1. Stragan Kawiarnia
Jedna z kultowych poznańskich kawiarni słynie nie tylko z dobrej kawy. W jej ofercie są też nieprzeciętne serniki. Delikatny, kruchy, o wybijającym się smaku twarogu ale w nowoczesnym anturażu (na zdjęciu masło orzechowe plus chrupiąca posypka). To taka stara szkoła sernika adaptowana na dzisiejsze podniebienia!
Ratajczaka 31
2. Różove
Nie ma chyba słodszego punktu w okolicy. Dziewczyny na miejscu dobrze wiedzą, jak podnieść nasz cukier swoimi kalorycznymi i bardzo fotogenicznymi cudami. Poza sernikiem (zdarza się, że również w wegańskiej wersji) są tarty, torty i bezy... Umiar? Lepiej tu o nim zapomnijcie.
Facebook
Wodna 23
3. Ale Kosmos
Jak podają właściciele, ich misją jest osłodzenie swoim gościom życia w kosmiczny sposób. Nie mam co do tego żadnych wątpliwości, bo ich popisowy wypiek - sernik (na różne sposoby) to absolutna poznańska czołówka. Kremowy, gęsty i delikatny. Jedyny minus? Żal, że tak szybko znika z talerza.
Facebook
Jackowskiego 43
4. Mowish Mash
A skoro jesteśmy na Jeżycach, nie sposób nie wspomnieć o następnym sernikowym wyjadaczu.

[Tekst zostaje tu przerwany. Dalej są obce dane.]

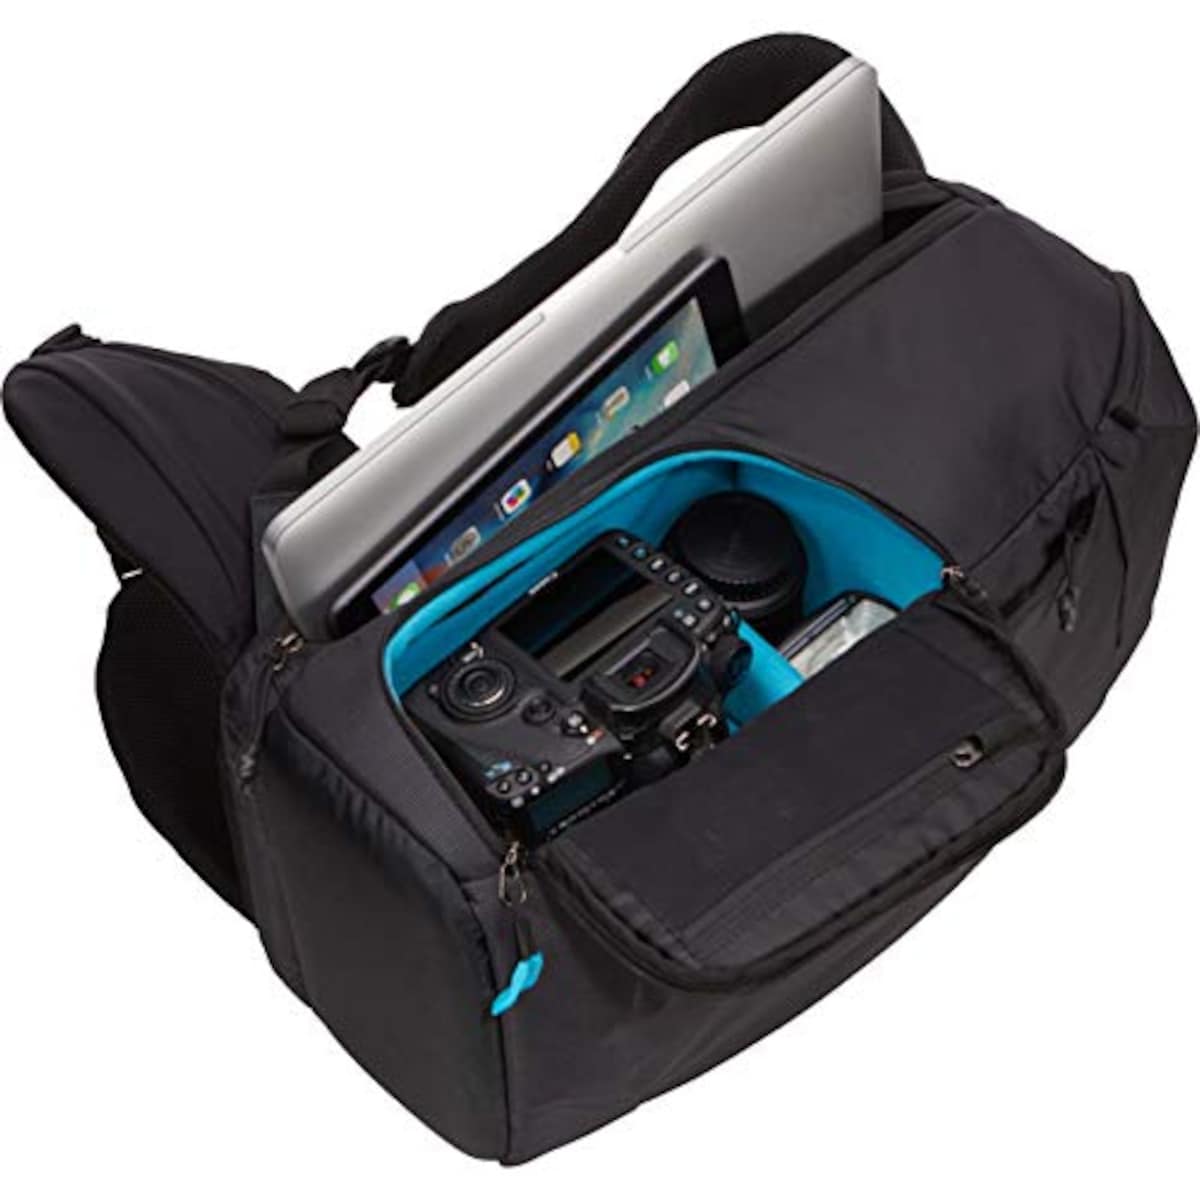  [スーリー]リュック Thule Aspect DSLR Backpack デジタル一眼レフカメラ収納用 TAC106 Black画像3

W Mowish Mash serwują wyborne klasyki: przykładowo nowojorski albo z solonym karmelem, choć moje ostatnie odkrycie to chyba mniej popularny sernik chałwowy. Co ciekawe, niektóre wersje są bardziej twarogowe i kruche, inne - śmietankowe i kremowe. Finalnie wszystkie łączy jedno: doskonały smak.
Facebook
Zwierzyniecka 41
5. Lastryko
Kto nie widział czarnego, "betonowego" sernika, którego zdjęcia zalewały instagram rok temu po otwarciu nowej kawiarni na Św. Marcinie? Przyznaję, że dopóki sam nie spróbowałem, podchodziłem do tematu sceptycznie. Niepotrzebnie. W końcu za wypiek odpowiada znany i uwielbiany Yes Ser. Ich sernik zwraca na siebie uwagę jak mało co, a do tego naprawdę dobrze smakuje. Już sam nie wiem co lepsze: przyjemne dla oka wnętrze czy to ciasto!
Facebook
Św. Marcin 41/2
6. Dziewczyny i Słodycze
Chyba nigdzie nie jadłem tak dobrego sernika z palonym masłem. A na tym nie kończą się możliwości Dziewczyn. Jak głosi maksyma zawarta w neonie nad ladą: "ciesz się życiem, jedz ciastka". Radość radością, ale wizyta na Wildzie wiąże się także ze stratami. Odwiedzający padnie ofiarą zamachu nie tylko na portfel (ktoś wierzy, że poprzestanie na jednym kawałku?!) ale również na sylwetkę. Bywa i tak.
Facebook
Facebook
Górna Wilda 85
7. Cafe La Ruina i Raj
Czas na jedyną restaurację w tym zestawieniu i tym samym chyba najsłynniejsze serniki nad Wartą. Na to miano zapracowały nie tylko dzięki wyrazistości Ruiny na poznańskiej gastromapie ale tym co liczy się najbardziej - doznaniom dla podniebienia. Pamiętam to uczucie kilka lat temu po spróbowaniu pierwszego kęsa. O słodkie nieba! Ciasto jest idealnie gładkie, o delikatnie ciągnącym się, wilgotnym wnętrzu. Kto nie próbował (zwłaszcza nowojorskiego aka berlińskiego), niech szybko nadrabia.
Św. Marcin 34
8. Wypiek
Choć pistacjowy sernik ze zdjęcia jadłem dobry rok temu, do dziś śni mi się po nocach. O jego klasie niech świadczy intensywnie orzechowe wnętrze i aksamitna konsystencja. Sprawa jest tylko taka, że trzeba mieć szczęście, by na niego trafić. W razie czego, w lodówce pojawiają się często inne (podejrzewam, że niewiele gorsze) wersje.
Facebook
Słowackiego 27
9. Bardzo
Kończymy kameralnym kierunkiem, rzut beretem od Starego Rynku. Ich serniki doceniam za niesztampowe odsłony (na zdjęciu intensywnie limonkowa wersja) i delikatne, kremowe wnętrze. Lubię też klimat miejsca - jest tu po prostu bardzo przyjemnie. W sam raz by zaszyć się po środku rozpędzonego dnia i zapomnieć na chwilę o całym świecie.
Facebook
Żydowska 29
A skoro przy słodkim jesteśmy, przypominam o przewodniku po kawie w Poznaniu. O tu KLIK. Niektóre miejsca się dublują!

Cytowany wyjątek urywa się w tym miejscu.